Re: [boost] [gsoc 2013] Approximate string matching

12 Apr 2013

      Dne 12.4.2013 19:50, Michael Marcin napsal(a):
...
On 4/12/13 4:52 AM, Jan Strnad wrote:
...
Hi, I'm Jan Strnad, currently a Master's student at CTU in Prague, Czech
Republic. This summer, I would like to participate in GSOC and I believe
that approximate string matching is a good match for me, since my
background i this area is quite strong.
Now more specifically. I would like to implement approximate string
matching algorithm(s) based on the NFA. I would like to support various
approximate distances, such as Hamming distance [1], Levenstein distance
[2], Damerau-Levenstein distance [3], Delta distance, Gamma distance and
finally (delta, gamma) distance.
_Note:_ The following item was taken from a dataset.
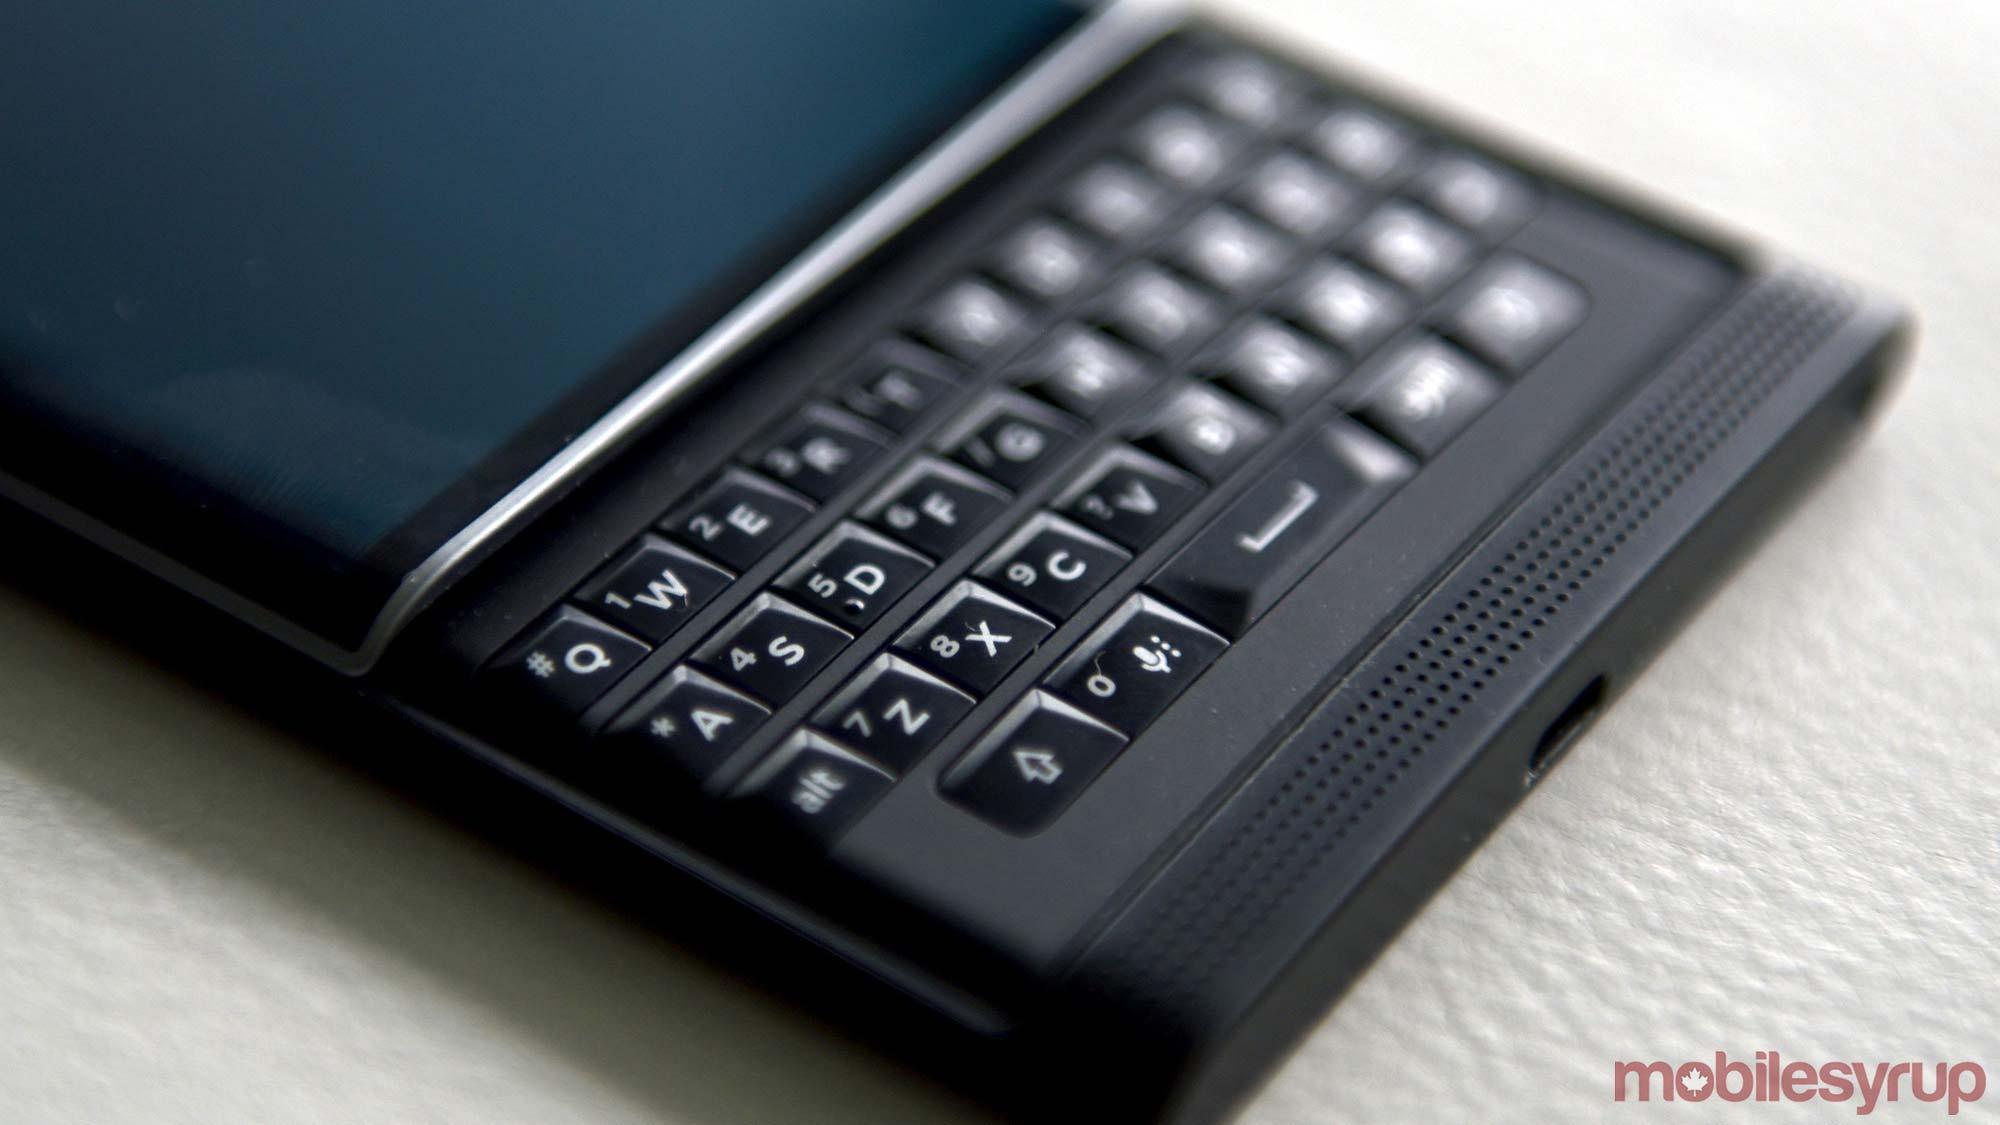 priv keyboard - blackberry priv sale

Sorry no explanation of the last three
found on the Web, but I can provide one if interested.
In the matter of NFA implementation, I would probably choose dynamic
programming approach, but I'm thinking of shift-or algorithm as well.
Can I ask you for any kind of thoughts or feedback regarding this topic?
Best regards,
Jan Strnad
[1] http://en.wikipedia.org/wiki/Hamming_distance
[2] http://en.wikipedia.org/wiki/Levenstein_distance
[3] http://en.wikipedia.org/wiki/Damerau%E2%80%93Levenshtein_distance
Sounds very useful!
I guess this would fit in the string algorithm library?
That seems to me reasonable as well.
...
What would the interface look like?
Is it as simple as:
namespace boost {
namespace algorithm {
template< typename Range1T, typename Range2T >
std::size_t levenstein_distance( Range1T first, Range2T second );
}
}
Sure, that would be possible, but I was originally aiming at something 
little bit different. Basically, I want to design an algorithm that 
would find all (or just the first) occurrences of a given pattern with 
given distance in some string.

So to your question, simple interface could look like this:
namespace boost
{
   namespace algorithm
   {
   	template <typename T>
   	class approximate_distance;  	

     template <typename TRange>  	
     find_iterator<TRange> approximate_find
	(TRange text,
          approximate_distance<TRange>& model);
   }
}

And a simple usage:

string pattern = "acbdef";
approximate_distance<string>* model =
   new hamming_distance<string>(pattern, 1);
find_iterator<string> result = approximate_find("aacdefbcdefabccef");
while(result())
{
   cout << * result << endl;
   ++result;
}
// prints aacdef, fbcdef and abccef